Posted by Fredric Smoler at 05:45 PM  EST

Josh Zietz’s lead article for the website today reviews Stardust Lost, Stefan Kanfer’s new history of the Yiddish theater in America. The review is in part a celebration, and necessarily an elegy: The Yiddish theater, once vibrant and vital, is dead, a victim of assimilation in some countries and extermination in others. I know that theater only at one remove. My father, who grew up bilingual in Yiddish and English, very frequently attended it as a boy in New York and Chicago. As a result, he could quote Shakespeare in Yiddish at greater length than in English; I suppose the plays seen as a child often have the strongest grip on memory. My father was sometimes mocking about the plays he saw as a child; he summarized the plot of a large percentage of them as “First Act, the shtetl; Second Act, the Lower East Side; Third Act, Park Avenue.” But the mockery was always affectionate; theater was his favorite art, and he was grateful for the form in which he first saw it, sometimes on a weekly basis.
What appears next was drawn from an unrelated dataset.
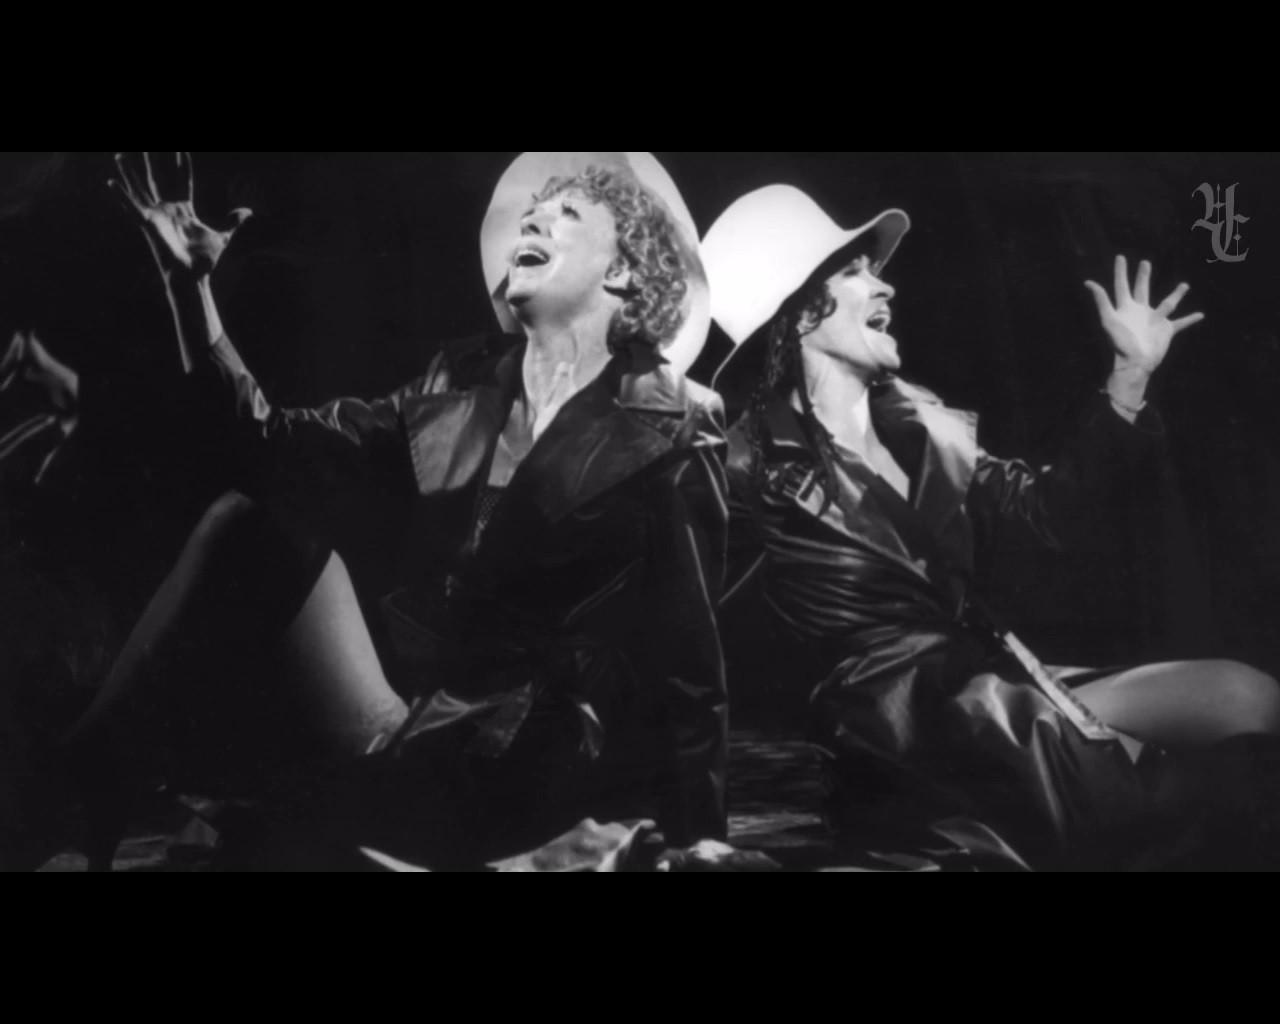 Camila Ashland Porn videos Jane Froman,Luke Evans (born 1979)
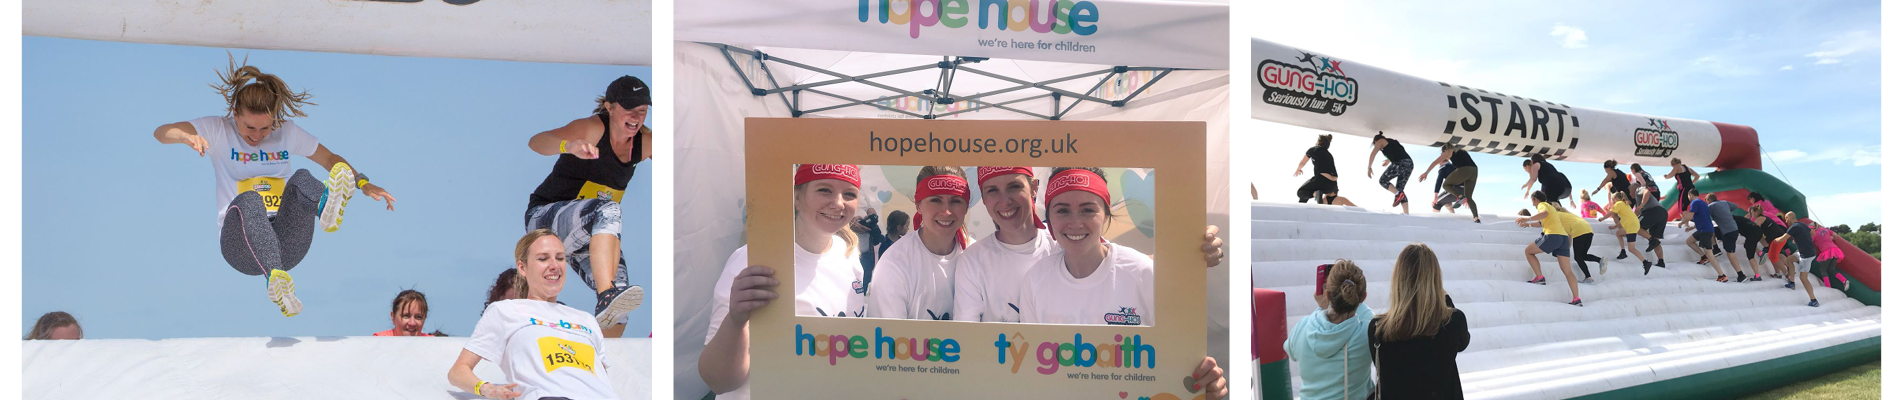 Team Entyce tackles Gung-Ho for Hope House

The demise of the Yiddish theater was an inevitable result of the success of Jewish assimilation in America, and on the basis of my own family’s experience, its existence was always more precarious than it seemed. Three of my grandparents spoke Yiddish as a first language, but my mother’s father was from a small hill town in Appalachia and grew up on Poor Richard’s Almanac rather than Sholom Aleichem. As a result, my maternal grandfather could not understand his wife if she spoke Yiddish, which meant that my mother never learned it, which meant that my father could not speak it to my mother, which meant that none of his children can speak it; one weak link broke the chain. This loss was not without its compensations: my mother quoted Chaucer, Milton, and Browning to us, rather than Shylock’s Daughter, and that was not a bad tradeoff.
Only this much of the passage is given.